Loose and enormous they gradually unfolded, then
suddenly swung free and dropped with a silent dip and rush. Night
swooped down upon the leagues of Jura forest. She spread her tent
across the entire range.
The threads were fastened everywhere now, and the uprights all in
place. Moths were busy in all directions, showing the way, while bats
by the dozen darted like black lightning from corner to corner, making
sure that every spar and beam was fixed and steady. So exquisitely
woven was the structure that it moved past them overhead without the
faintest sound, yet so frail and so elastic that the whirring of the
moths sent ripples of quivering movement through the entire framework.

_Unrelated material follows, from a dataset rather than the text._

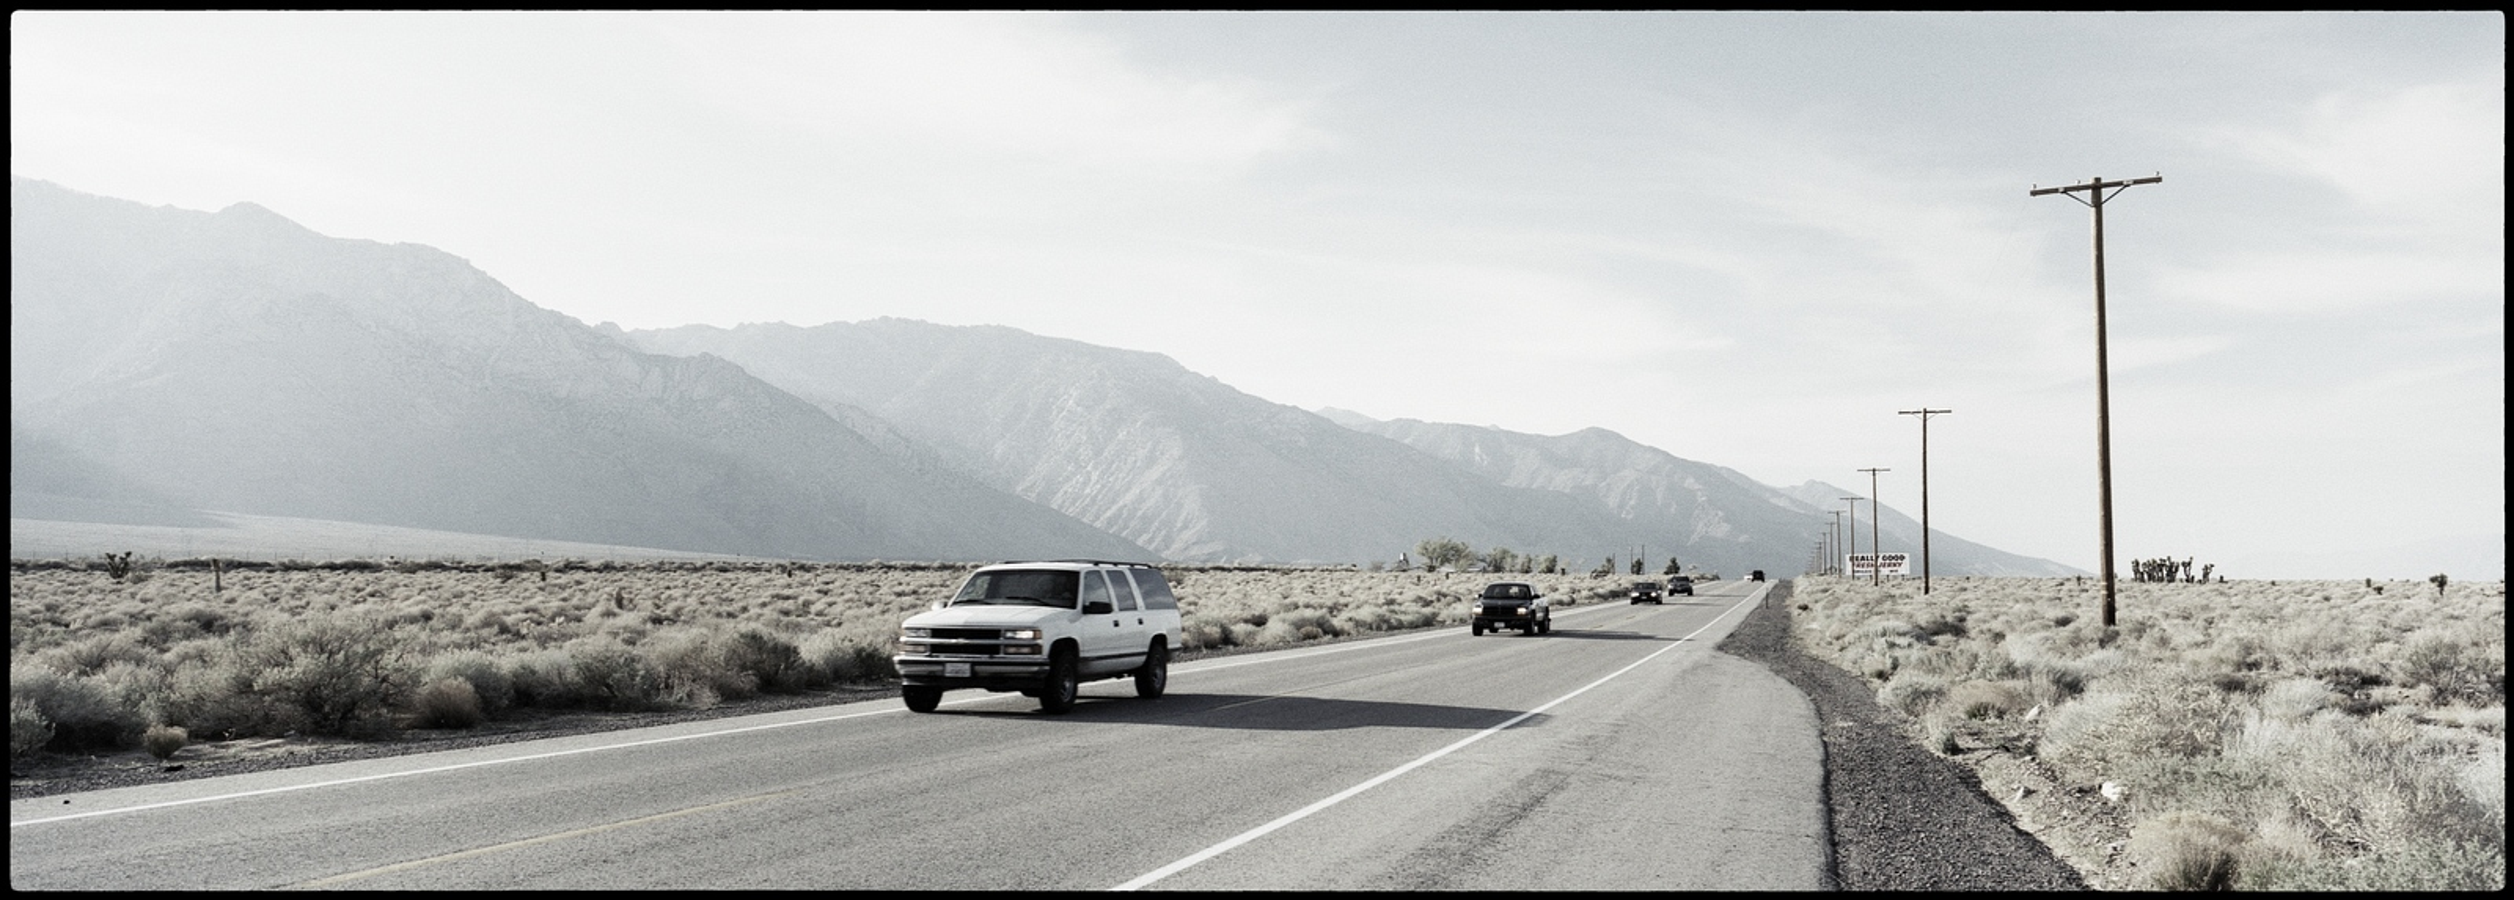 Mojaves Desert, CA, USA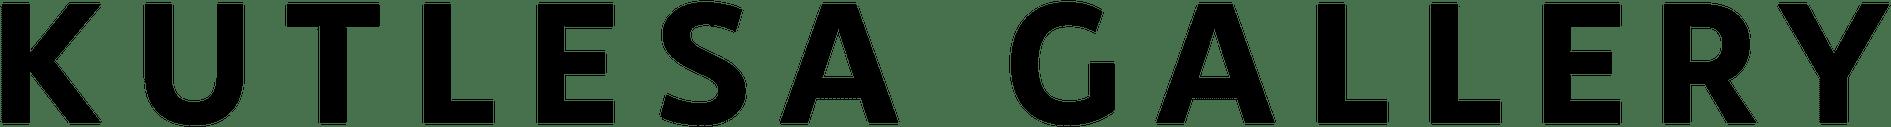 Kutlesa Gallery company logo

'Hush!' murmured Rogers, 'we're properly inside it now. Don't think of
anything in particular. Just follow your wandering minds and wait.'
The children lay very close against him. He felt their warmth and the
breathing of their little bosoms. All three moved sympathetically
within the rhythm of the dusk. The 'inside' of each went floating up
into the darkening sky.
The general plan of the scaffolding they clearly made out as they
passed among its myriad, mile-long rafters, but the completed temple,
of course, they never saw. Black darkness hides that ever. Night's
secret mystery lies veiled finally in its innermost chamber, whence it
steals forth to enchant the mind of men with its strange bewilderment.